Vancomycin-Resistant Enterococcus faecium Bacteremia in a Tertiary Care Hospital: Epidemiology, Antimicrobial Susceptibility, and Outcome

Section of Infectious Diseases, Hospital de Clínicas de Porto Alegre, Universidade Federal do Rio Grande do Sul, Ramiro Barcelos 2350, 90630000 Porto Alegre, RS, Brazil

Received 27 November 2013; Accepted 25 January 2014; Published 5 March 2014

Academic Editor: Abhijit Bal

Copyright © 2014 Regis G. Rosa et al. This is an open access article distributed under the Creative Commons Attribution License, which permits unrestricted use, distribution, and reproduction in any medium, provided the original work is properly cited.

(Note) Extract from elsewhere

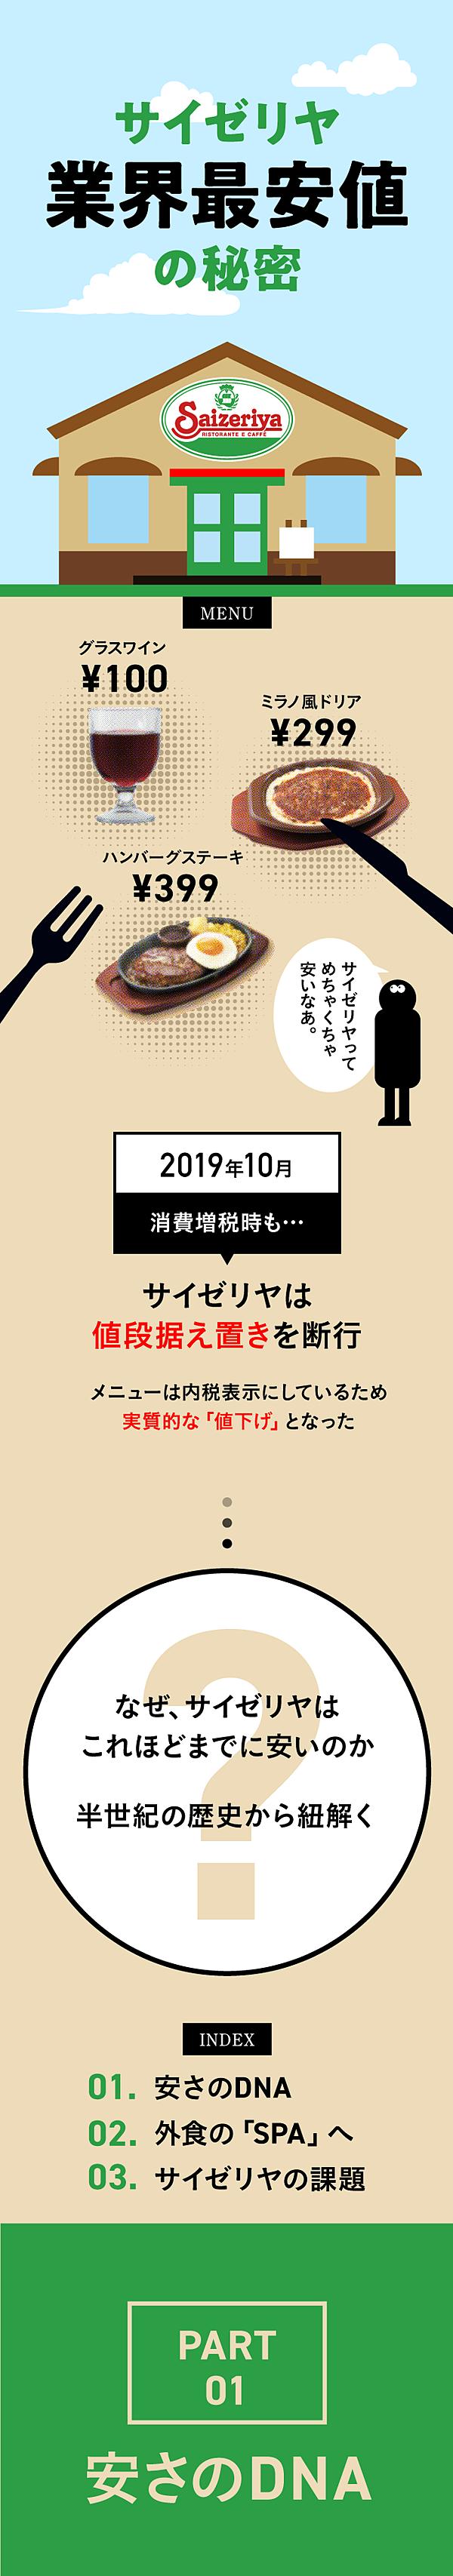 安値 com 最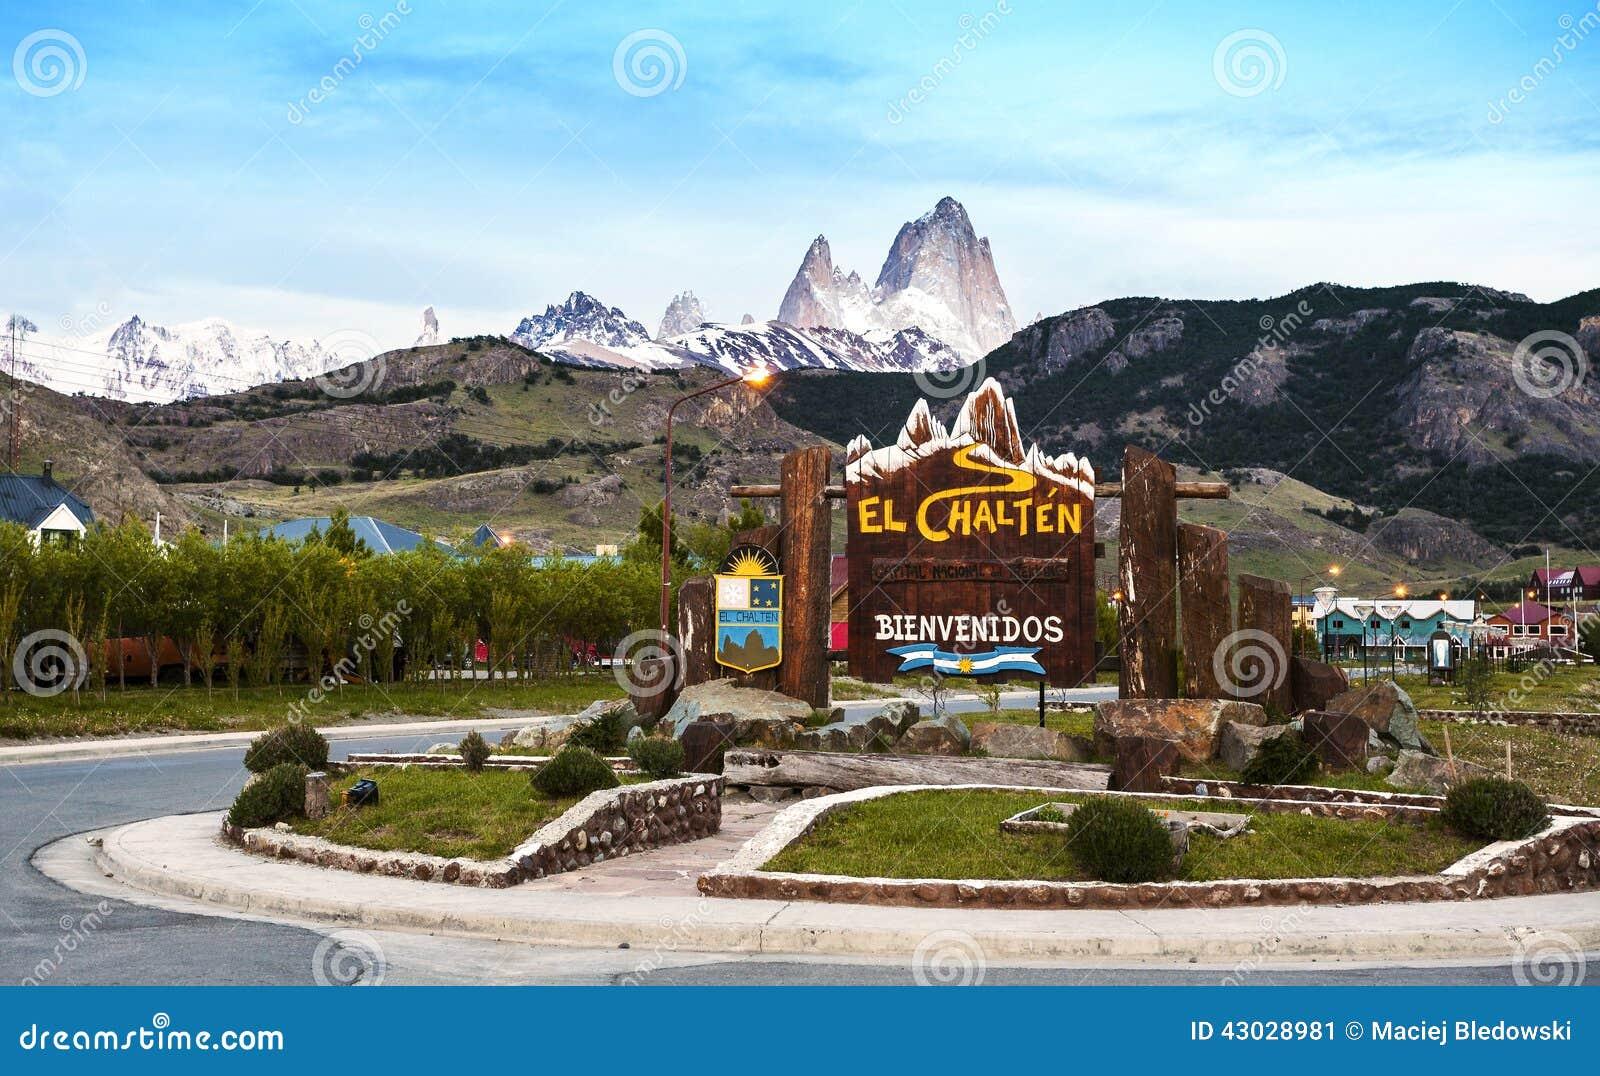 Welcome to El Chalten village sign. Fitz Roy

Vancomycin-resistant Enterococcus faecium (VREF) has emerged as a relevant multidrug-resistant pathogen and potentially lethal etiology of health care associated infections worldwide. The objective of this retrospective cohort study was to assess factors associated with mortality in patients with VREF bacteremia in a major tertiary referral hospital in Southern Brazil. All documented cases of bacteremia identified between May 2010 and July 2012 were evaluated. Cox regression was performed to determine whether the characteristics related to the host or antimicrobial treatment were associated with the all-cause 30-day mortality. In total, 35 patients with documented VREF bacteremia were identified during the study period. The median APACHE-II score of the study population was 26 (interquartile range: 10). The overall 30-day mortality was 65.7%. All VREF isolates were sensitive to linezolid, daptomycin, and quinupristin-dalfopristin. Linezolid was the only antimicrobial agent with in vitro activity against VREF that was administered to the cohort. After multivariate analysis, linezolid treatment (HR, 0.08; 95% CI, 0.02–0.27) and presence of acute kidney injury at the onset of bacteremia (HR, 4.01; 95% CI, 1.62–9.94) were independently associated with mortality. Presentation with acute kidney injury and lack of treatment with an effective antibiotic poses risk for mortality in patients with VREF bacteremia.